**Task details**
From the line with "Pet Shop Boys - WEST END GIRLS" through the line with "Krawatte Struktur in", repeat the entries verbatim, both end lines included, and add nothing.
+++ The data +++
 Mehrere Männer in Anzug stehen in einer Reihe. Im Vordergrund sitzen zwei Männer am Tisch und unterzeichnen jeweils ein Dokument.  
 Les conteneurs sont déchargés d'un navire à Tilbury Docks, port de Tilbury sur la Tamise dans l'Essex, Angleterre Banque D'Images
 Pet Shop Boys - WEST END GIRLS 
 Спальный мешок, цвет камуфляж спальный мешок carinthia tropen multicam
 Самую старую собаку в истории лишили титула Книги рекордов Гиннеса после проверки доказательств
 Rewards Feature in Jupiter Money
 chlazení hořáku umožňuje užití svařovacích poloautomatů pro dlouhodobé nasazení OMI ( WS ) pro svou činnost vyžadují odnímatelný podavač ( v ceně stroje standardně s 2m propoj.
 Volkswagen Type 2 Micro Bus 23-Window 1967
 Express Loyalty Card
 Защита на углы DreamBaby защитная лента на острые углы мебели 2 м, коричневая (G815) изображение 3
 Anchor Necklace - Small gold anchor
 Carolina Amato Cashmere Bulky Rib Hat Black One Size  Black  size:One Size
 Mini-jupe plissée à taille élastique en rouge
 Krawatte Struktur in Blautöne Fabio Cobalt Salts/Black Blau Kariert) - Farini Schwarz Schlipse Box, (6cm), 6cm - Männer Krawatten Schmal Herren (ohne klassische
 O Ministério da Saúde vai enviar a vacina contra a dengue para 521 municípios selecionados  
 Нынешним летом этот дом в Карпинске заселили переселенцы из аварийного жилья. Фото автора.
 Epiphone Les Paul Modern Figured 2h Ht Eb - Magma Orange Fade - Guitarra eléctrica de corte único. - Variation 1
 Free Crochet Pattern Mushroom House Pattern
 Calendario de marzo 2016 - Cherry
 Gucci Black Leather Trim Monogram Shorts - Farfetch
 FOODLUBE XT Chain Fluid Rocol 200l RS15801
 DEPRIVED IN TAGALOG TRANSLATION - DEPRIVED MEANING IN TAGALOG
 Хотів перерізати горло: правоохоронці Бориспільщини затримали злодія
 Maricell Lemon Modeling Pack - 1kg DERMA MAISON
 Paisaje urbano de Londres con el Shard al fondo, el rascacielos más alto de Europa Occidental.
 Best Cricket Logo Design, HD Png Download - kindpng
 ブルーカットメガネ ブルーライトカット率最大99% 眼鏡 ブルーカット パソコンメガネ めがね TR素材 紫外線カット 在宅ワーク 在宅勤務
+++
**Response area**
 Pet Shop Boys - WEST END GIRLS 
 Спальный мешок, цвет камуфляж спальный мешок carinthia tropen multicam
 Самую старую собаку в истории лишили титула Книги рекордов Гиннеса после проверки доказательств
 Rewards Feature in Jupiter Money
 chlazení hořáku umožňuje užití svařovacích poloautomatů pro dlouhodobé nasazení OMI ( WS ) pro svou činnost vyžadují odnímatelný podavač ( v ceně stroje standardně s 2m propoj.
 Volkswagen Type 2 Micro Bus 23-Window 1967
 Express Loyalty Card
 Защита на углы DreamBaby защитная лента на острые углы мебели 2 м, коричневая (G815) изображение 3
 Anchor Necklace - Small gold anchor
 Carolina Amato Cashmere Bulky Rib Hat Black One Size  Black  size:One Size
 Mini-jupe plissée à taille élastique en rouge
 Krawatte Struktur in Blautöne Fabio Cobalt Salts/Black Blau Kariert) - Farini Schwarz Schlipse Box, (6cm), 6cm - Männer Krawatten Schmal Herren (ohne klassische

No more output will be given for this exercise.